» **Your task**
Exclude images; transcribe the rest of the data exactly.

» **Dataset content**
───
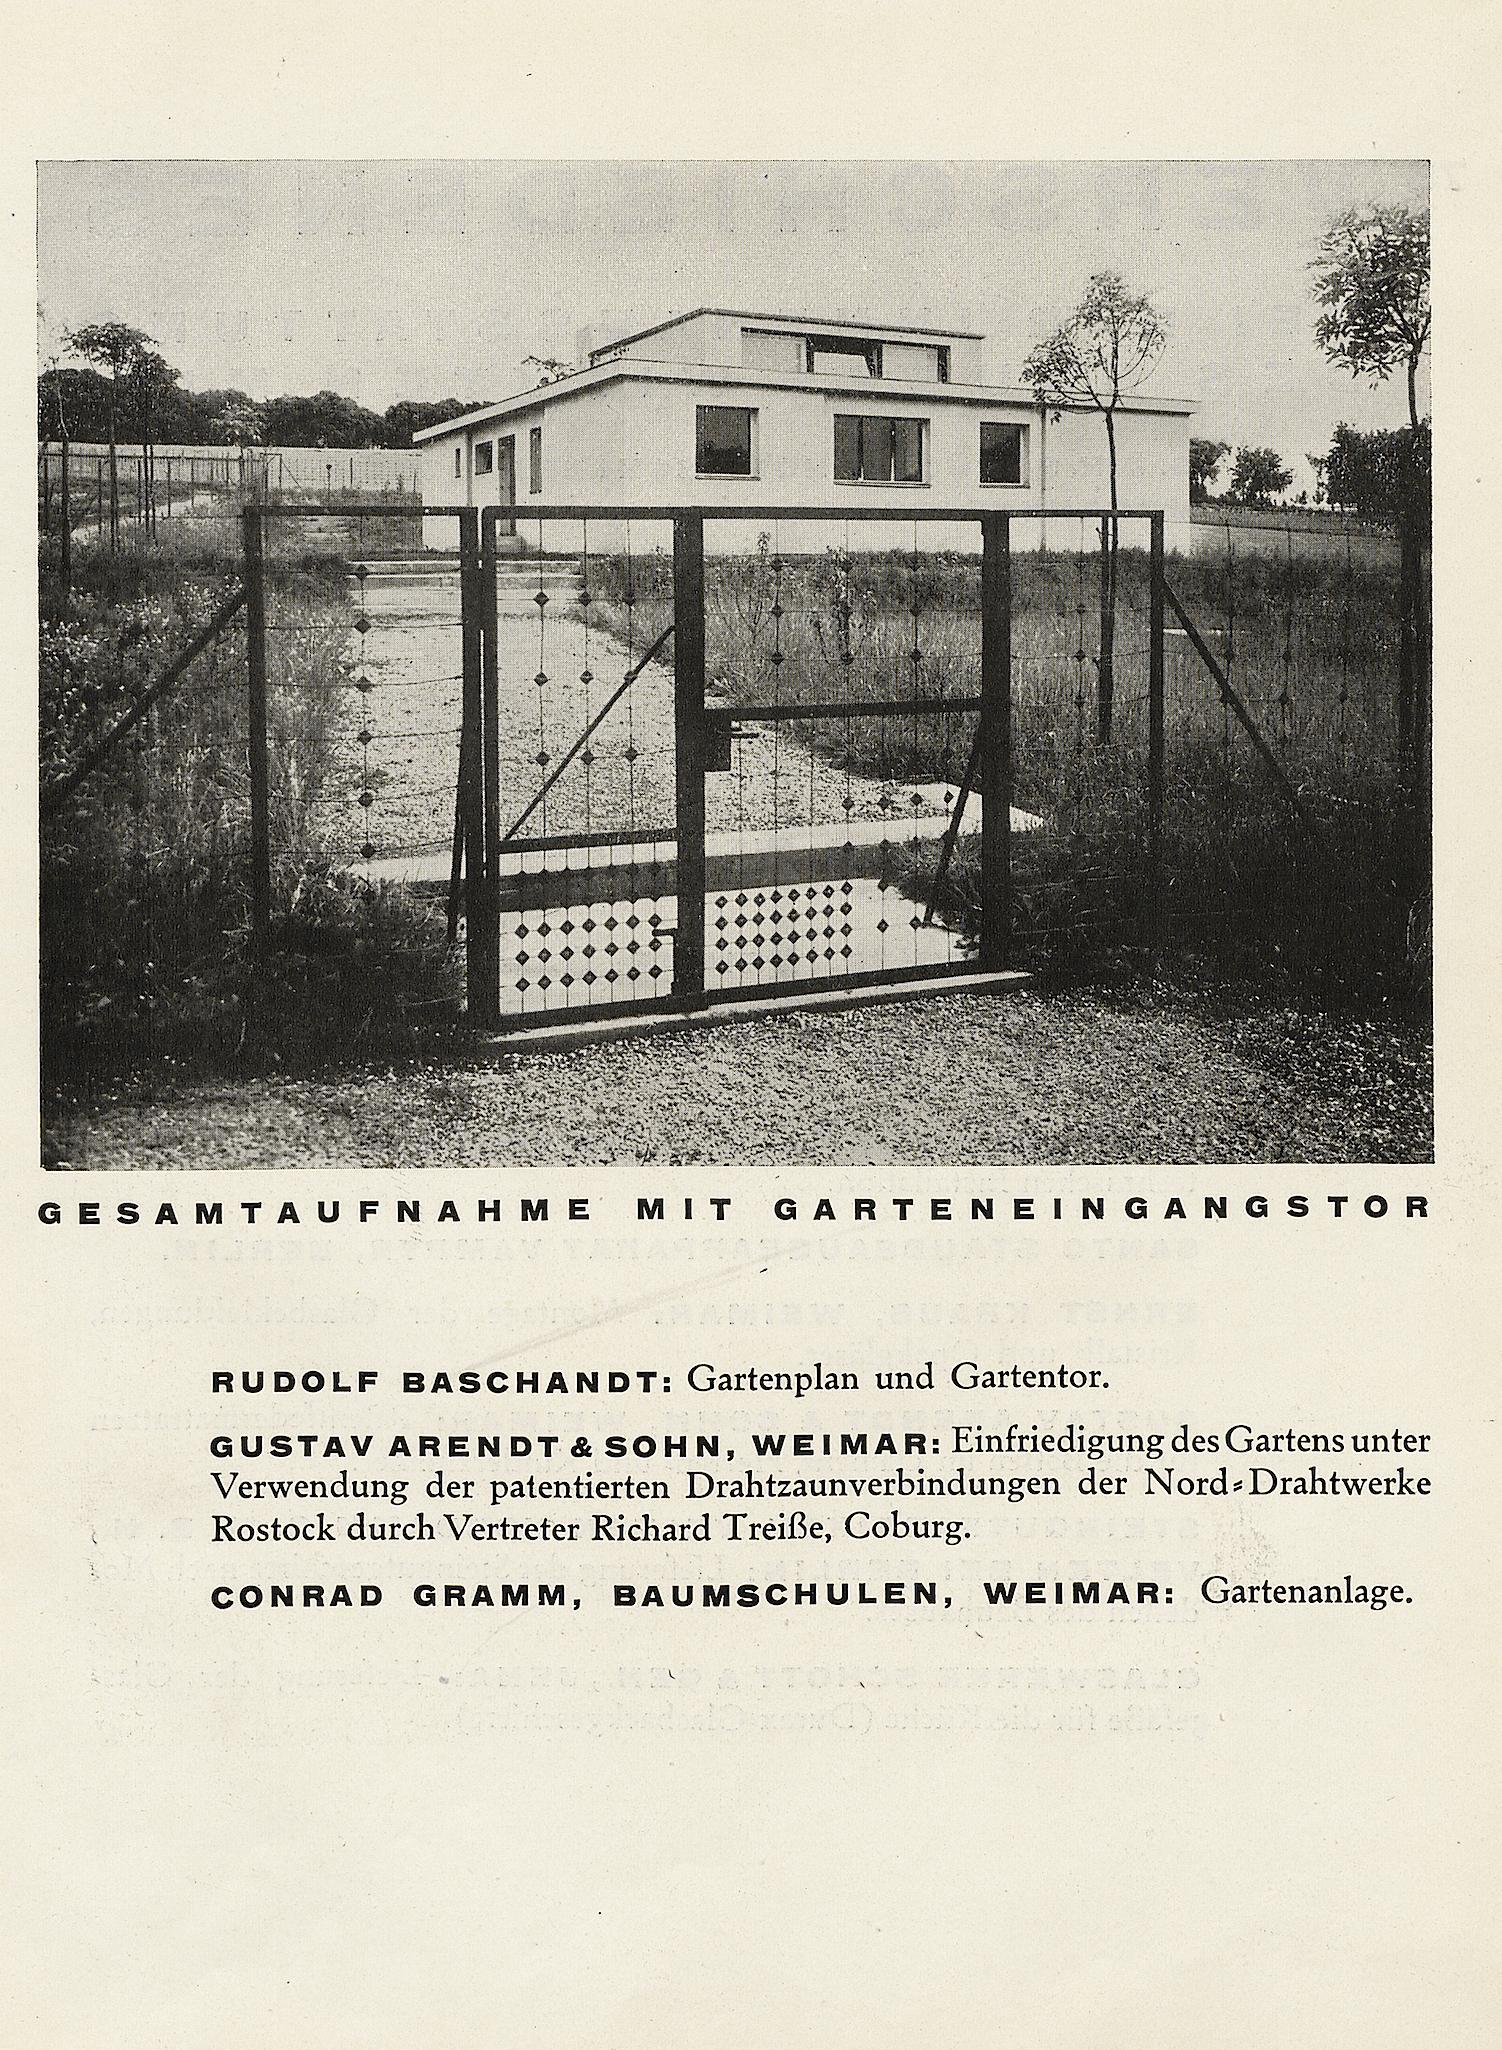 Ein Versuchshaus des Bauhauses in Weimar / Zusammengestellt von Adolf Meyer. — München : Albert Langen Verlag, 1925. — 78 s., ill. — (Bauhausbücher 3)
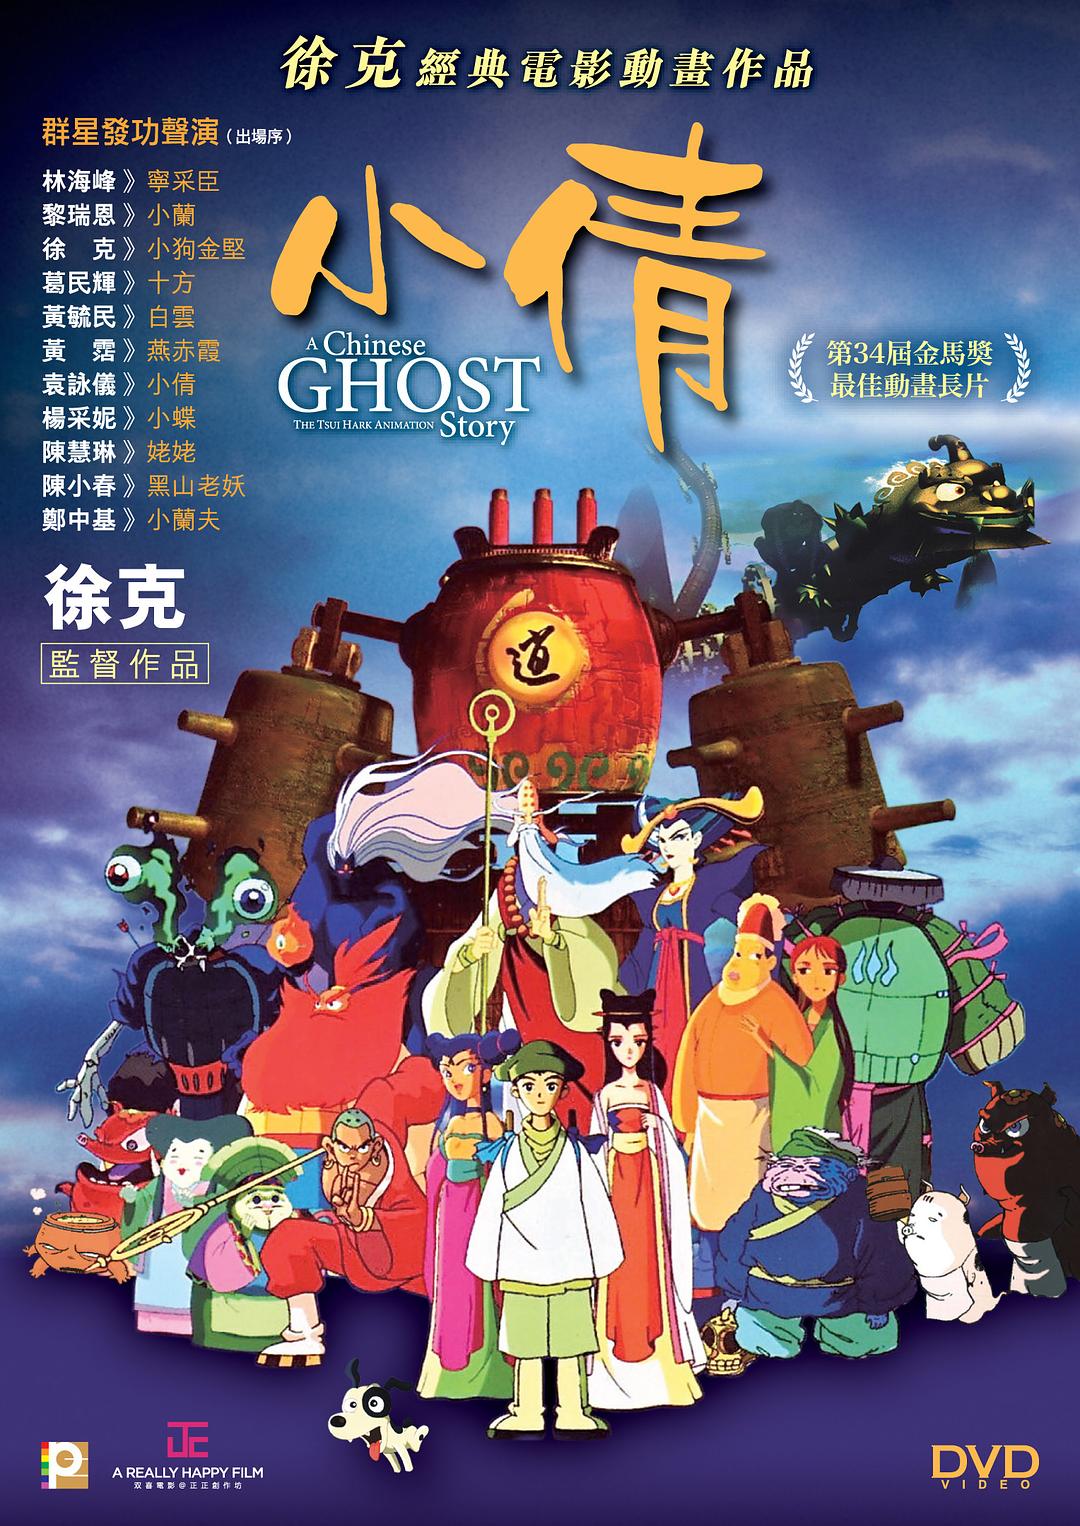 [小倩].A.Chinese.Ghost.Story.The.Tsui.Hark.Animation.1997.HKG.BluRay.1080p.AVC.TrueHD.5.1-Doraemon    22.99G-2.jpg
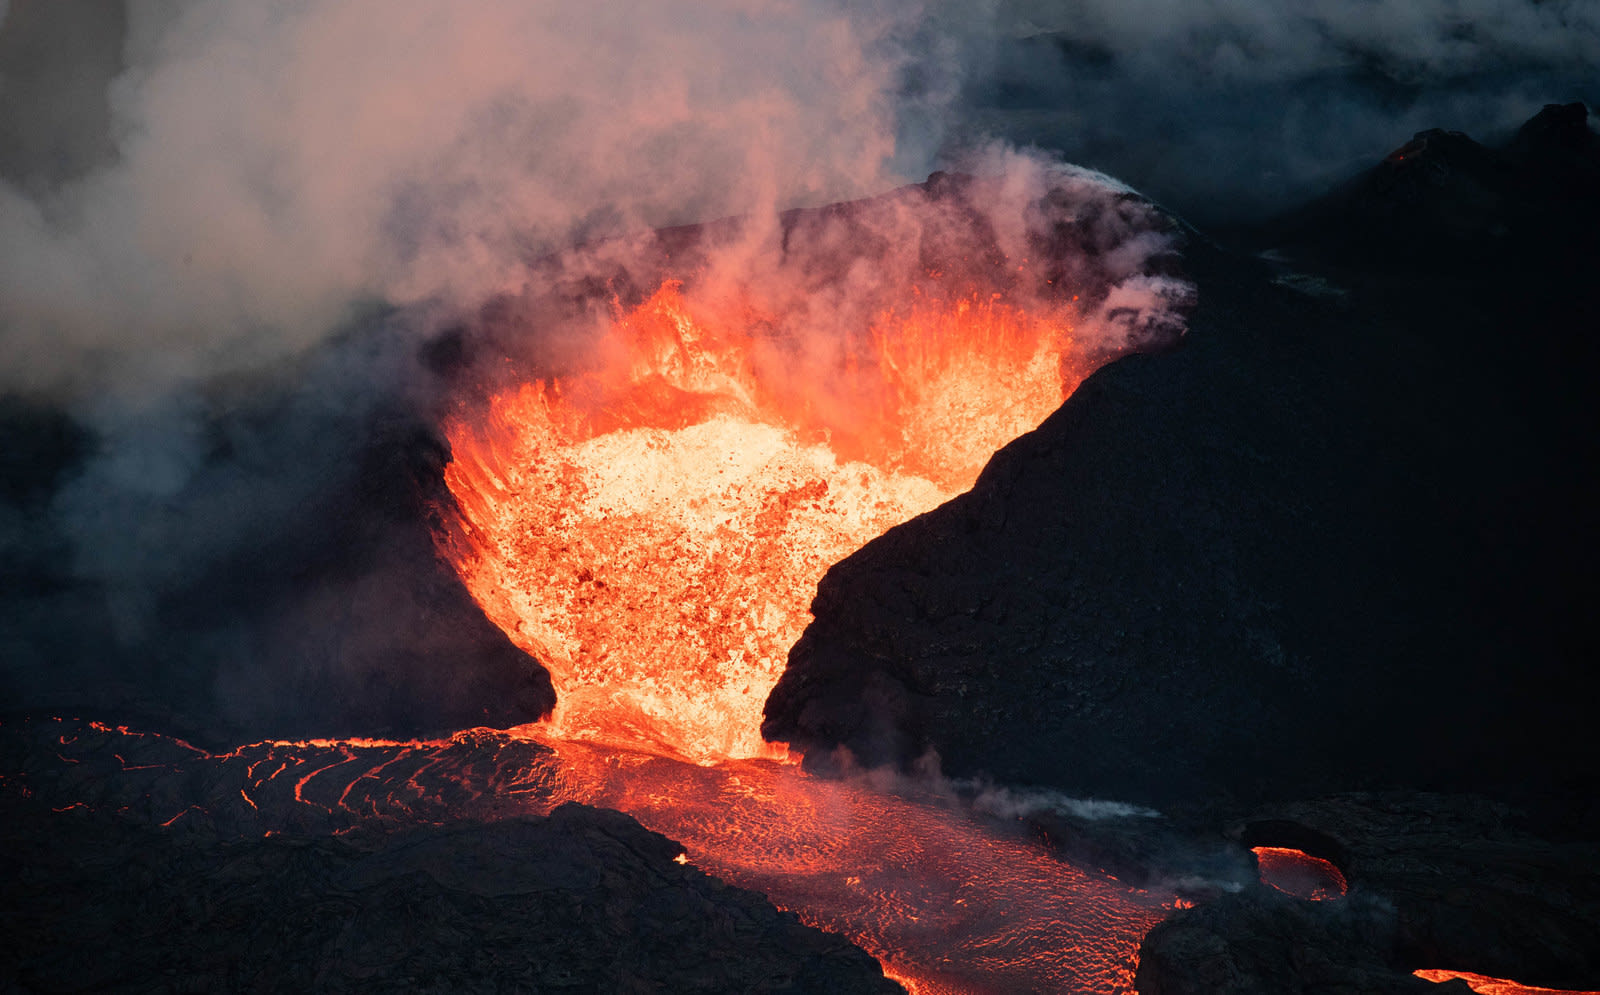 夏威夷毛伊岛火山图片
───
» **Result**
 Ein Versuchshaus des Bauhauses in Weimar / Zusammengestellt von Adolf Meyer. — München : Albert Langen Verlag, 1925. — 78 s., ill. — (Bauhausbücher 3)
 [小倩].A.Chinese.Ghost.Story.The.Tsui.Hark.Animation.1997.HKG.BluRay.1080p.AVC.TrueHD.5.1-Doraemon    22.99G-2.jpg
 夏威夷毛伊岛火山图片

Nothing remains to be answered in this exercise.